The premise behind deep learning is so simple, it really is stupid simple.

That isn’t to say the actual implementation and creation of a system capable of deep learning is simple, on the contrary. But how to understand the bits and bytes is beyond the scope of this post. (If you are interested, here is a link to an interesting technical article)

At a high level, here is how it works.

Inputs are provided to the system. Outputs are mapped. The broader the breadth of inputs mapped to outputs, the more robust the data. Eventually, given enough inputs mapped to outputs, the system can start to predict outputs based on the inputs it has never been presented.

Here is a very simple example. Say you provide an algorithmic system the equation “2+2=”. A traditional algorithm would look at the text, and simply find the 2+2 and add it together to make 4.  But what happens when you pass the system “2+2” and forget the “=”. A traditional system would need to “know” about the possibility of missing the “=”, and account for it in logic. However, in the real world, there are many many possible inputs. Things like “two plus two equals” and “2 + two equals” and “2+2 equals”, and the sound wave of “two plus two”, in binary form. You get the picture. To have to be explicit about every option based on rules and algorithms isn’t feasible for incredibly complex problems, let alone simple ones like this one.

A neural network is different. Instead of algorithmically handling the input, “2+2=”, you map it to the answer of “4”. Then, you give it A LOT of inputs. All of the variations from above get fed into the system, and mapped to “4”. “tw plus two”, and “2 pls 2”, etc.

Here is the punchline.

Let’s say you’ve done 1000 variations of this mapping, and you get the 1001st variation.  The system has never encountered this 1001st variation. The input is new, but most likely not completely unique. This 1001st variation is surprisingly similar, with small differences, to many of the previous variations. With a neural network, or deep learning system, it can with a high degree of certainly still provide you with the right output, 4. An algorithmic system could never do this without explicit rules and logic to handle the variation in some way. Deep learning can deal with uncertain inputs, just like people.

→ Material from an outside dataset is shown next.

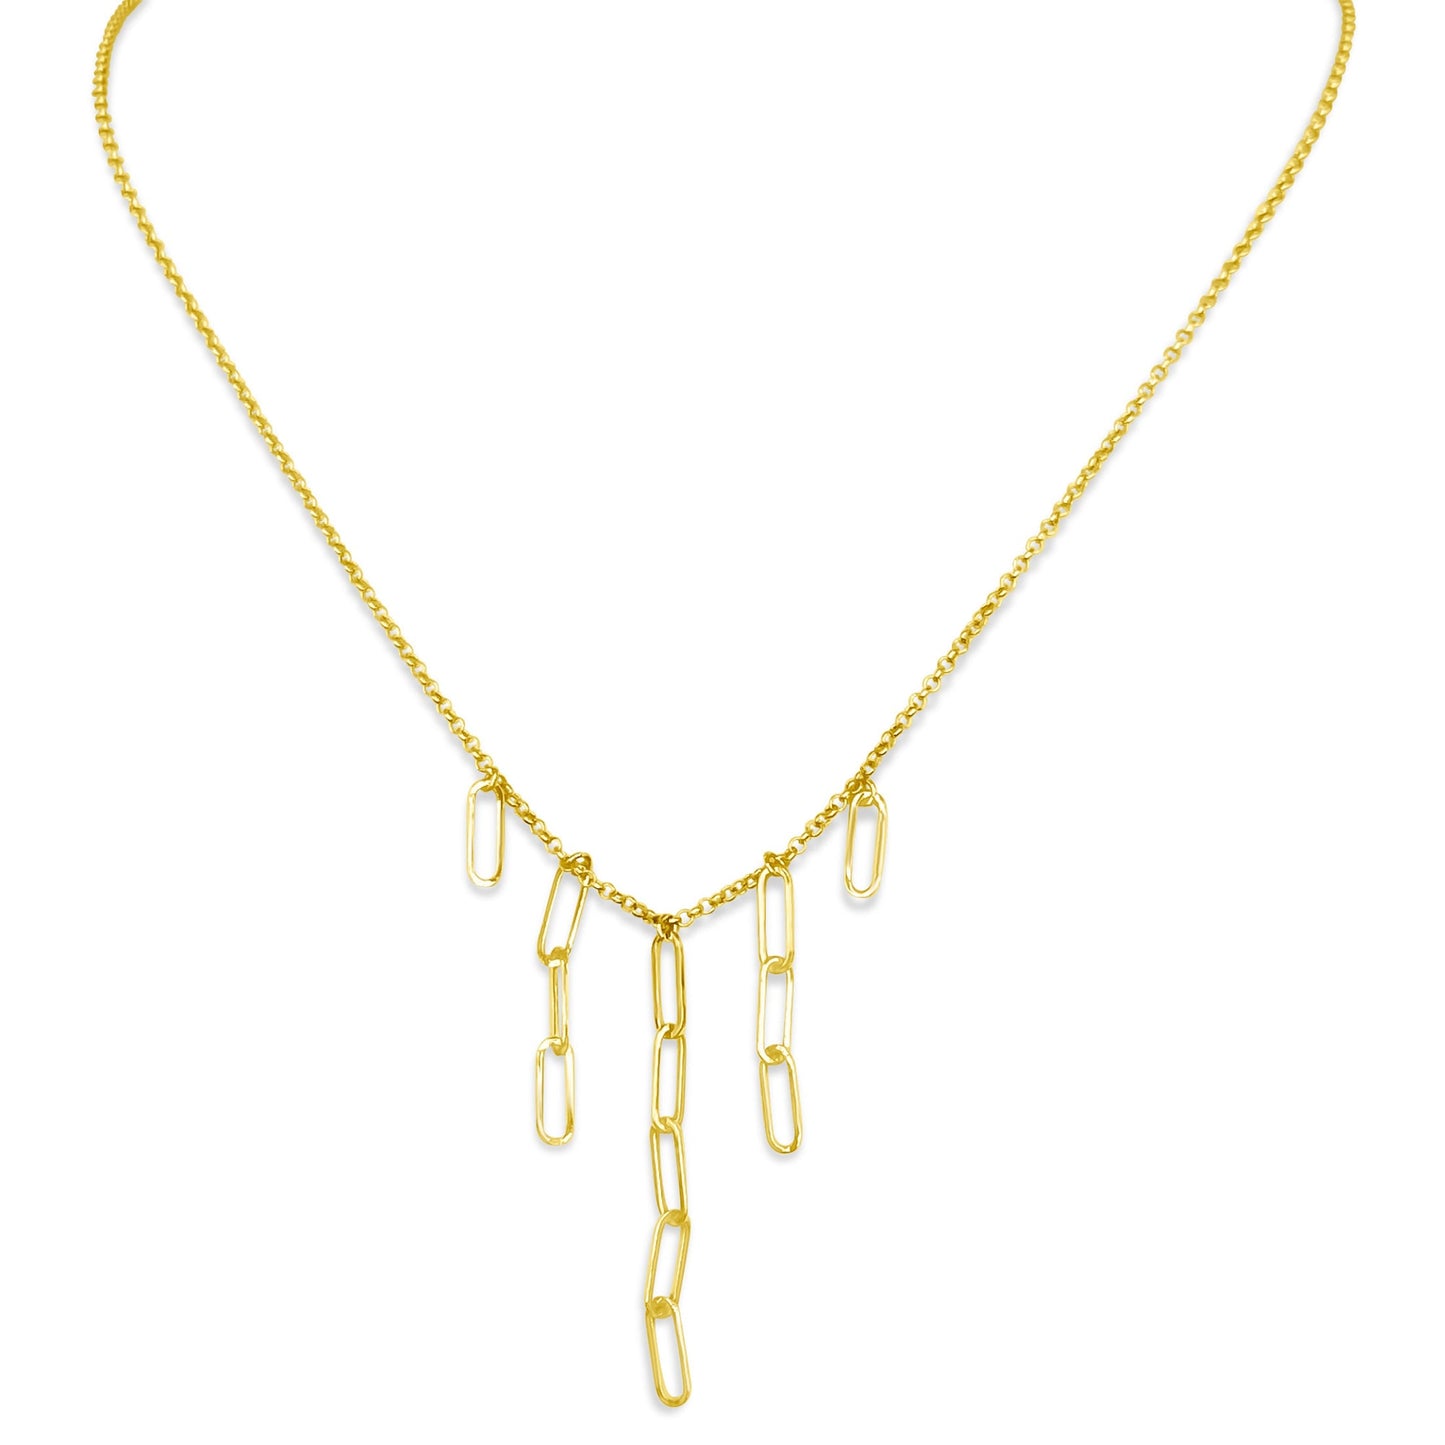 Séchic 14k Paperclip Chain 5 Drop Necklace 17"

This is a paradigm shift in computing. This is the crux of the advantage of deep learning. It learns. It’s trained. Once trained, it can recognize outputs from inputs it has never before been presented with. Pretty cool, huh? (yeah, of course there is also a creepy side to this. But every technological advancement always has two sides. I’m an optimist. This will be a net positive for humankind)

Here is a more real-world example. Imagine a sound recognition task. Something that is required to recognize audio. Imagine the task of recognizing the English words “hello world”. An audio file, which stores a binary representation of the waveform of the audio representing the words “hello world”, is created. This file is then fed into the neural network, the output would be mapped as “hello world”, the text. Given one sample, the system in theory should be able to recognize that exact audio file every time. It’s like “labeling” the file with metadata, “hello world”. However, that isn’t really an interesting problem to solve. The next audio file that is slightly different, perhaps a different speaker, cadence, pitch, background noise, etc., would be unrecognizable. In order for the system to function, it must be fed an enormous set of audio samples with the words “hello world”. The system would be fed hundreds of thousands, if not millions, of samples of these two words “hello world”. Some from women, some from men, some from children, some in a busy cafe. The system would then be trained to map this input to the output “hello world”.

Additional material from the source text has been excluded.